Raspberry Pi Docker Swarm UFW / Fail2Ban Cloudflare Tunnel Linux Python SSH Hardening
Pi Docker Cluster

Overview

The goal of this project was to build a self-managed home server cluster using four Raspberry Pis running Docker Swarm. The primary Pi 5 acts as the cluster head — it manages worker nodes, hosts services, handles all external traffic, and runs nightly updates across every node. Worker Pis only wake when the primary is overloaded, keeping power consumption low under normal conditions.

The cluster is IP-segmented across a dedicated subnet, with each node assigned a static address:

xxx.xxx.xxx.100  ← Primary (Pi 5, Docker Swarm manager)
xxx.xxx.xxx.101  ← Worker node 1
xxx.xxx.xxx.102  ← Worker node 2
xxx.xxx.xxx.103  ← Worker node 3

Initial Setup & Hardening

Starting with the Pi 5 head node, the first step was updating the system and installing Docker:

sudo apt update && sudo apt upgrade -y
curl -fsSL https://get.docker.com | sh

Firewall — Zero Trust Architecture

Since external users would be accessing services on this cluster, UFW was configured with a deny-by-default stance on incoming traffic:

sudo apt install ufw -y
sudo ufw default deny incoming
sudo ufw default allow outgoing
sudo ufw allow ssh
sudo ufw enable

Brute Force Protection

Fail2Ban was installed to automatically ban IPs that make too many failed login attempts:

sudo apt install fail2ban -y
sudo systemctl enable fail2ban
sudo systemctl start fail2ban

SSH Key Authentication

Passwords can always be cracked given enough time and resources.

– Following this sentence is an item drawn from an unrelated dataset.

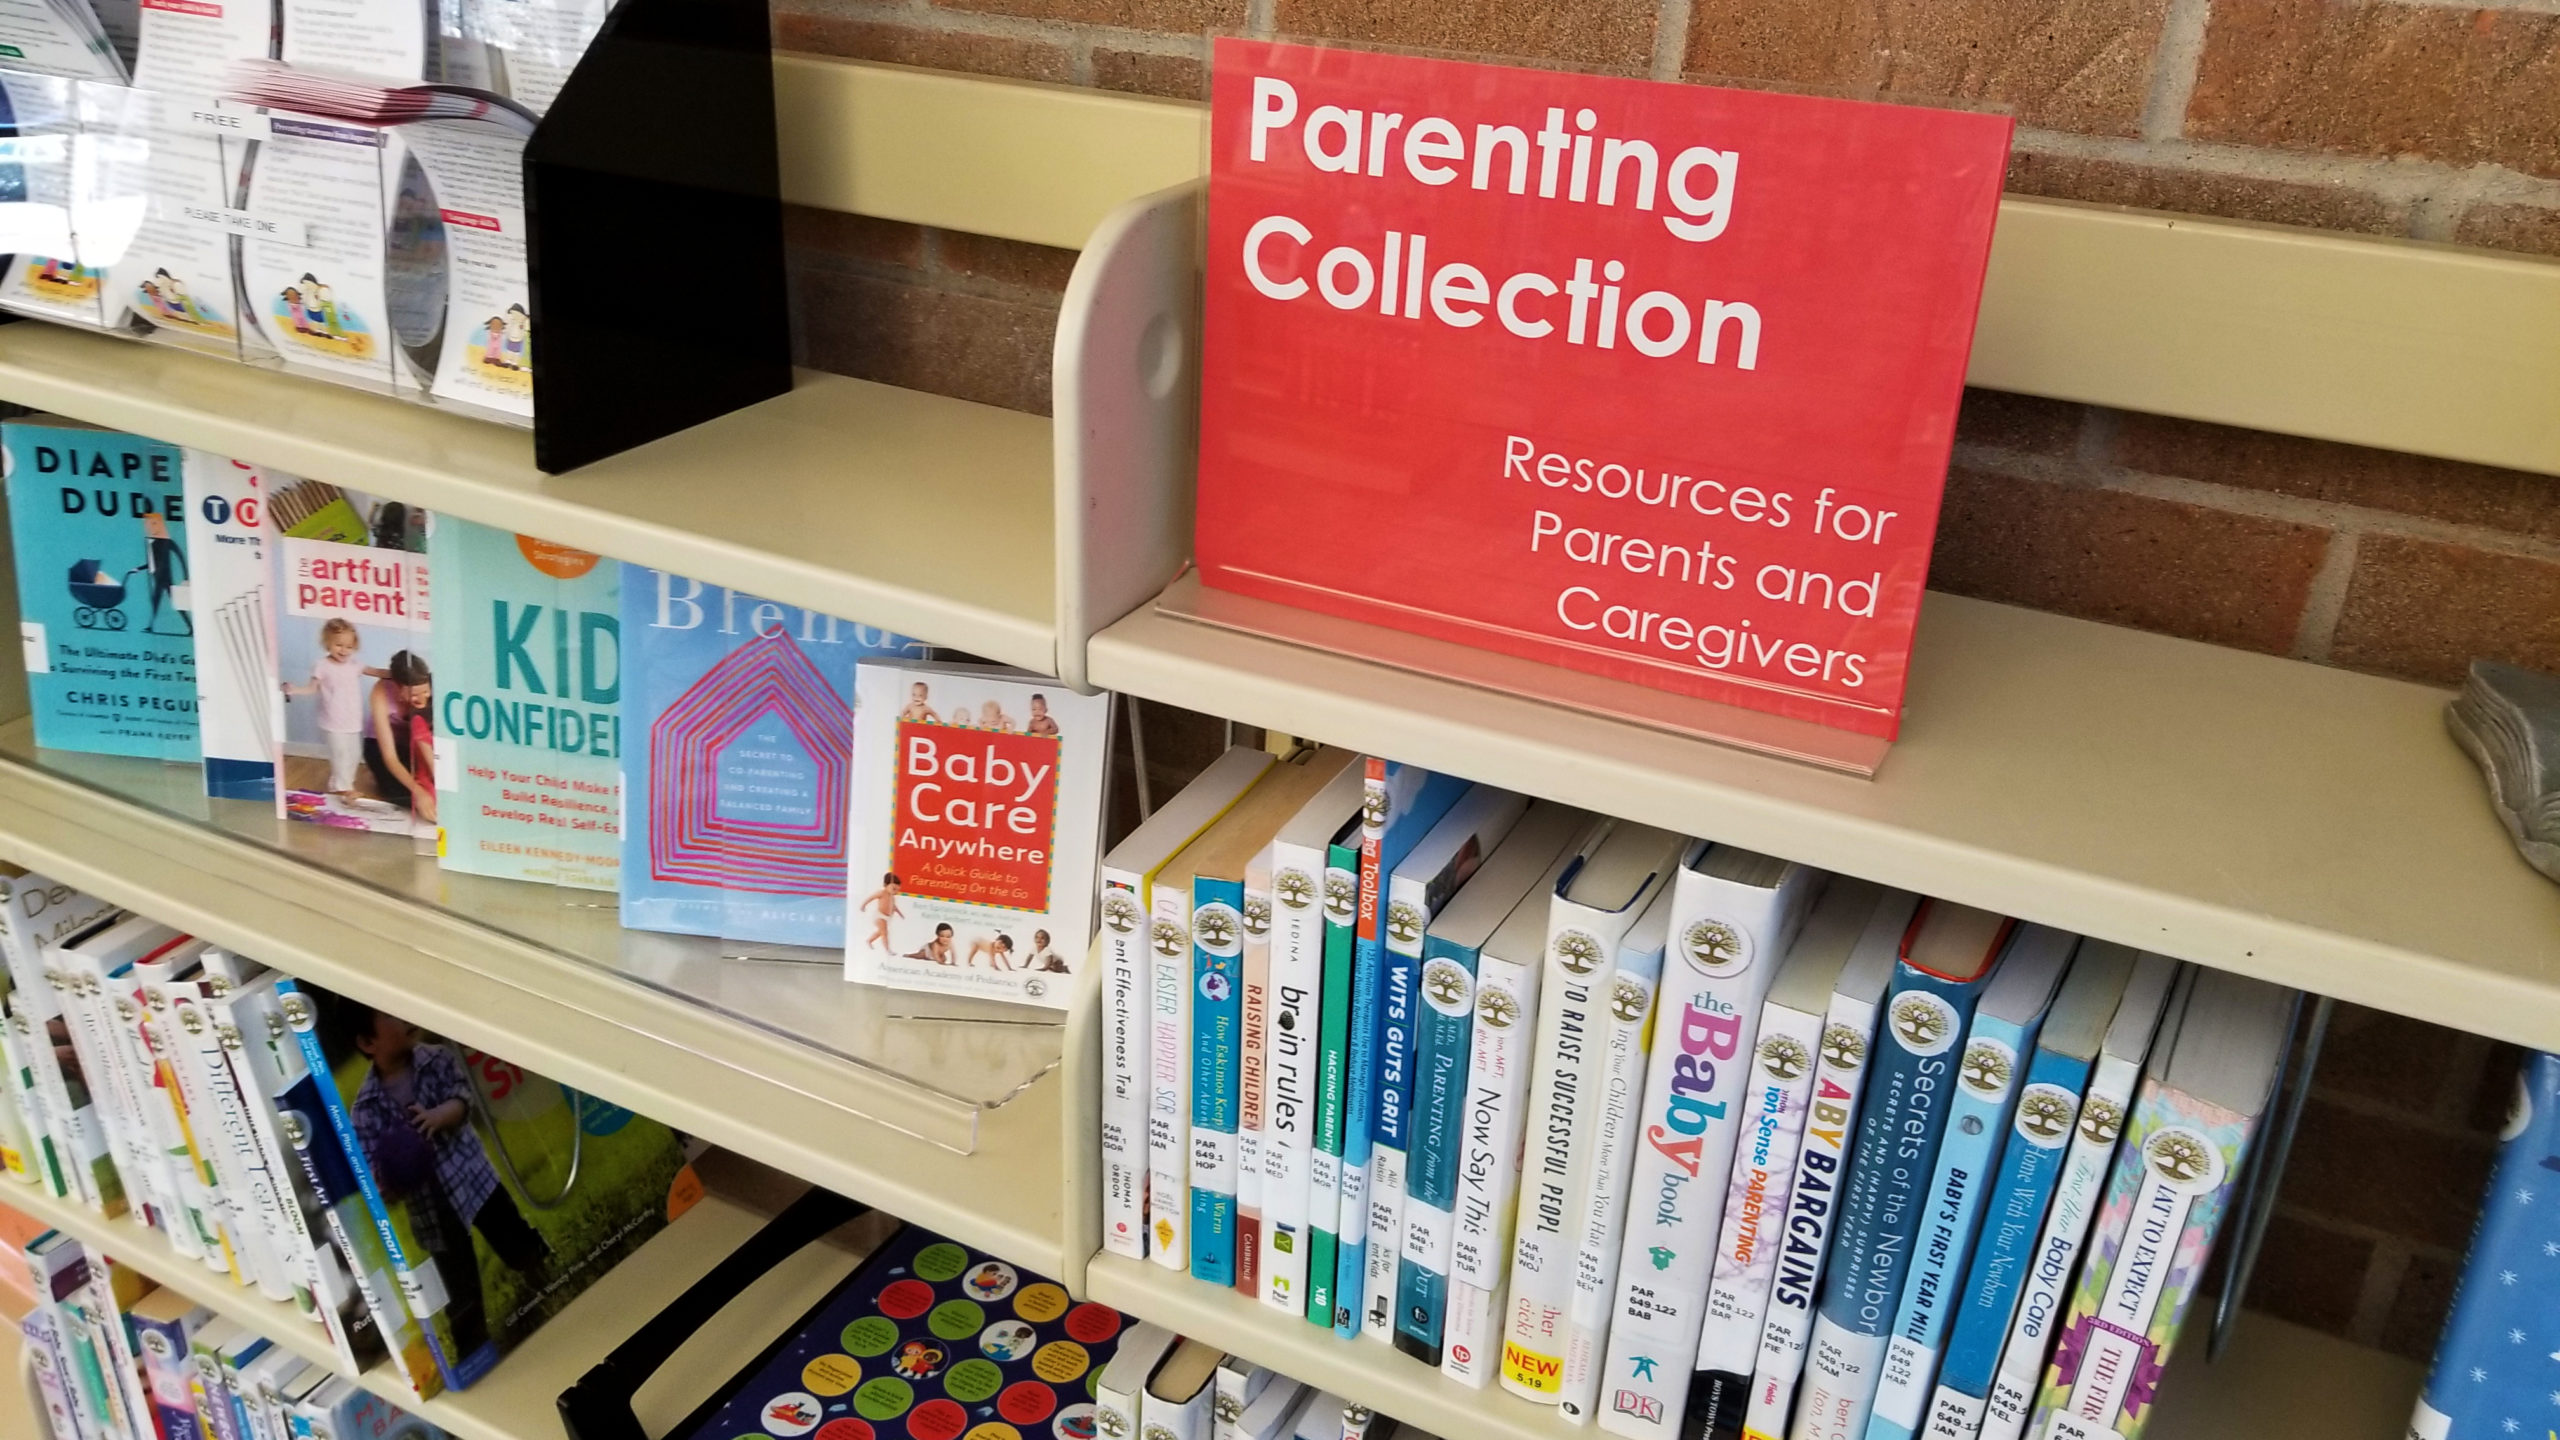 Collections Overview: Parenting Collection

Public key authentication was set up from the accessing machine, with a configuration file to simplify SSH sessions:

# Windows SSH config (~/.ssh/config)
Host pi5-primary
    HostName (hostname or IP)
    User (pi username)
    IdentityFile (path to key)

# Then generate the key
ssh-keygen -t ed25519 -C "pi5-primary" -f C:(path to key)

# Transfer to Pi
type C:\(path to key) | ssh yourusername@(ip) "mkdir -p ~/.ssh && cat >> ~/.ssh/authorized_keys"

Once confirmed working, password authentication was disabled entirely:

sudo nano /etc/ssh/sshd_config
# Change: PasswordAuthentication yes
# To:     PasswordAuthentication no

sudo systemctl restart ssh

Docker Service Isolation

To limit blast radius if Docker is ever compromised, it runs under a dedicated non-login service user — a core principle of zero trust architecture:

sudo useradd -r -s /sbin/nologin dockeruser
sudo usermod -aG docker dockeruser
NOTE: We are not making Docker a user that can log in. This is a service user that does not log in and acts more as a service on the computer itself.

Unused services (e.g. Bluetooth) were also identified and disabled to reduce the attack surface:

sudo systemctl list-units --type=service --state=running

Docker Swarm Initialization

Docker Swarm was initialized on the primary node, generating a join token for worker Pis to use:

docker swarm init --advertise-addr xxx.xxx.xxx.100

# Returns:
docker swarm join --token (token is here)

# Verify cluster nodes
docker node ls

Services

Website Failover (Nginx + GitHub Monitor)

The primary service hosts a backup of a GitHub Pages site. Since GitHub is up 99% of the time, the container stays offline and only spins up if GitHub goes down — freeing resources with only a 1–2 minute failover window.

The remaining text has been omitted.